Despite this, the belt rubs on itself, and will wear so it will be interesting to see how long the belt lasts.

A word of caution to anyone building this … unless the 1/2" arbor you use to secure the buffing wheel to the machine had left-handed threads, make sure you either double-nut it or use a lock nut. My arbor is a right-handed thread, and while I was buffing my first tool, the nut came off and various parts became airborne (still haven't found one of the fender washers that went sailing).

One shortcoming that I need to address is the lack of platform for grinding scrapers, etc. For now, I'll continue to use my 8" grinder and figure out a way to mount a platform on the T-track, or perhaps adapt HorizontalMike's tool-holder design. Stay tuned.

-Gerry


----------



## HorizontalMike

Gerry,
I am thinking that your Oneway Vari-Grind can adjust for your scraper. But now owning that one, I am guessing. FWIW, I am still struggling with the sharpening the cutoff. I can turn it on its edge and sharpen, but that is not doing as well as I had hoped. May just need a straight platform, or one set at 85-89 degrees. this one should not be that difficult.

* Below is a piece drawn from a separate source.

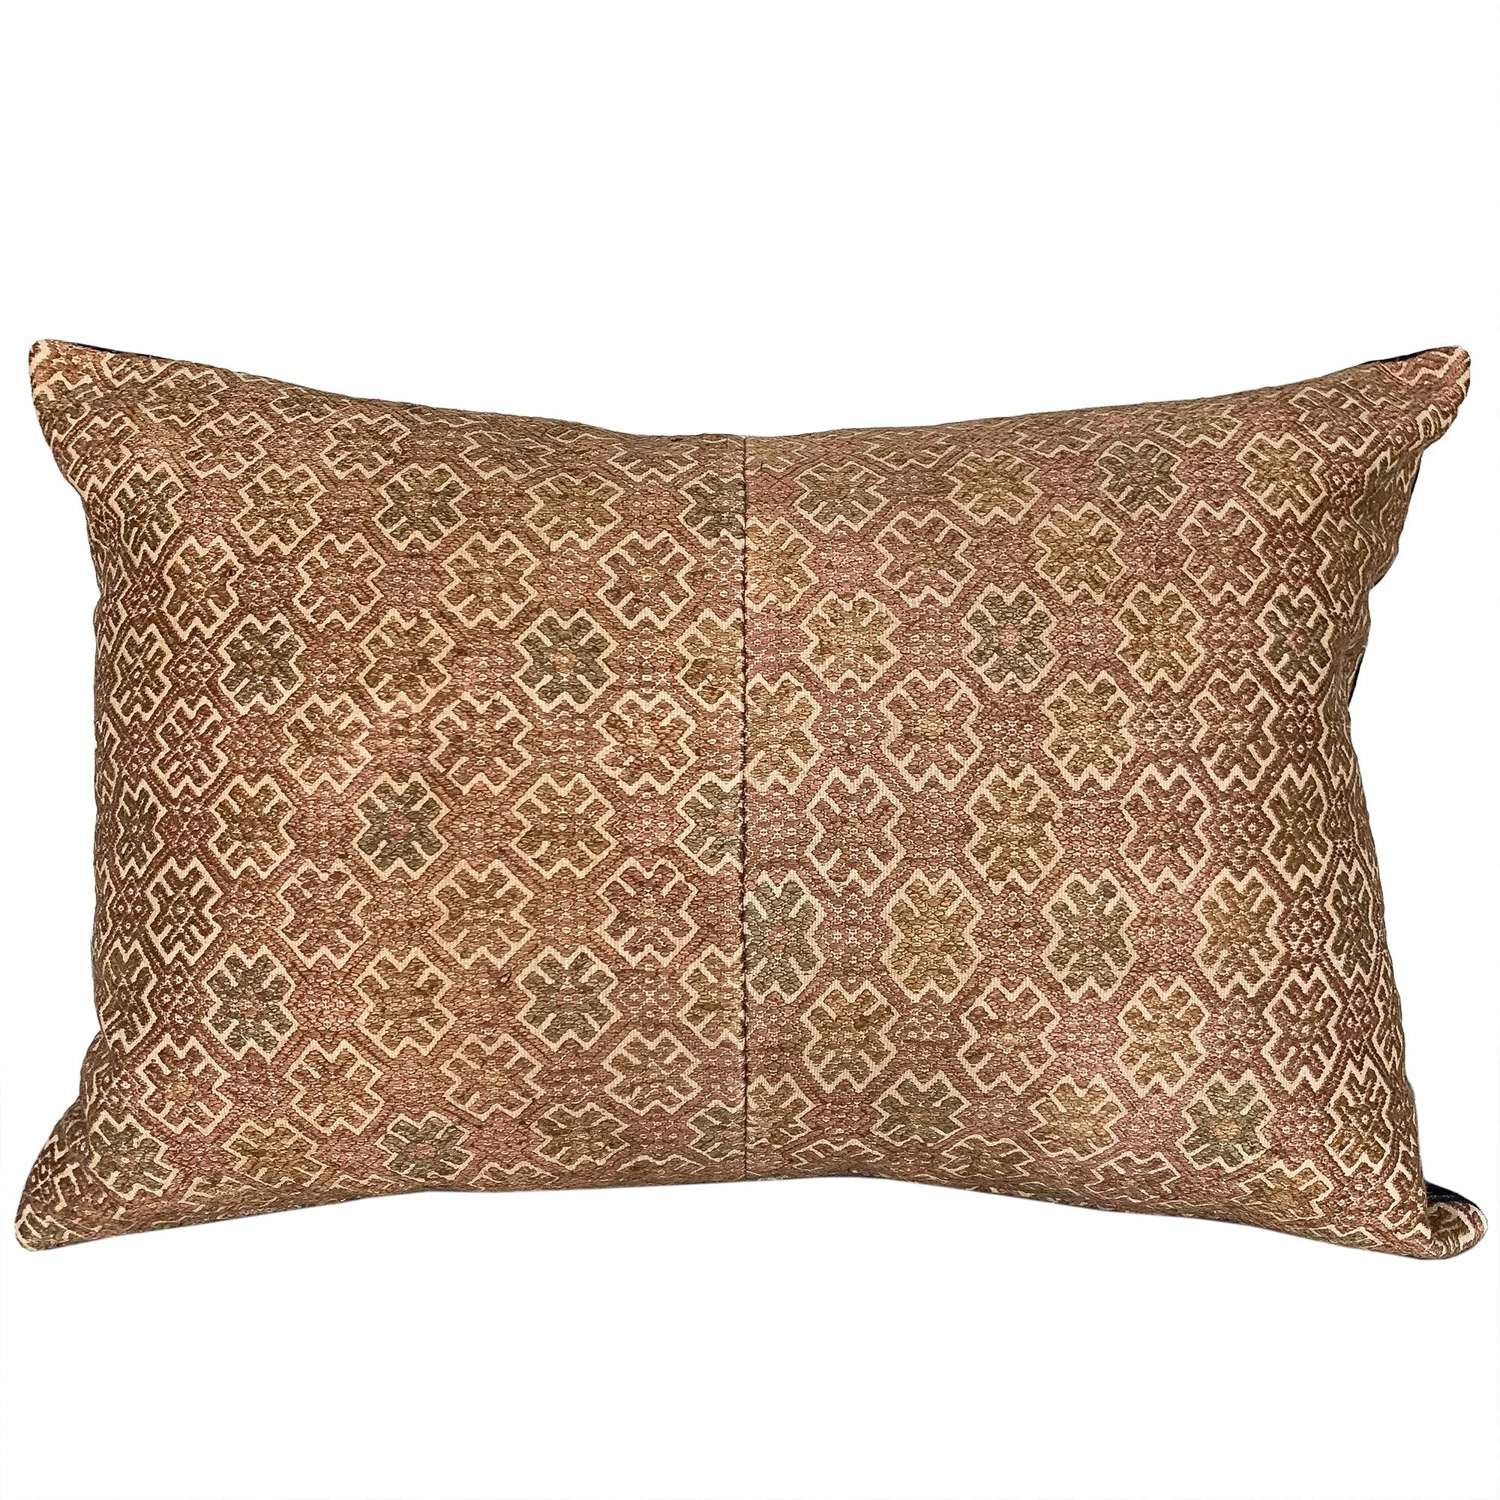 Early Zhuang Cushions, Gold

BTW, I pulled these numbers off of the belt: *RP 0511 1203*
The 1/2in wide belt seems to be about 10" long folded, may a bit less. I am going to hunt around locally for a spare.

Nice holders for your skews. I probably could have made mine a bit wider to match that angle. Hey, do let me know how that socket on a rod works out. that looks very adjustable, but I wonder about repeatability of settings… But then again, IMO, that repeatability fear factor thing is a bit over blown. While I know certain angle ranges are important to certain/select tools, I am of the opinion that marketers drive the fear factor up in order to create sales of "their" solutions. But then again, that is just my opinion.


----------



## crank49

Gerry, could you not just turn the motor around to reverse the diretion of sanding belt travel?


----------



## HorizontalMike

Crank,
I also thought of doing that, but you need to extend all the wiring by 6-10in to accomplish it. Additionally the belt guard would have to be modified/drilled for that new orientation. IMO, at some point all the modifications will start to outweigh the benefits gained. Just buying a spare belt seems good enough for me. Others? Who knows…


----------



## TheDane

Another possibility would be to install a metal splitter (with rounded/polished edges) in the belt guard where the belt rubs on itself.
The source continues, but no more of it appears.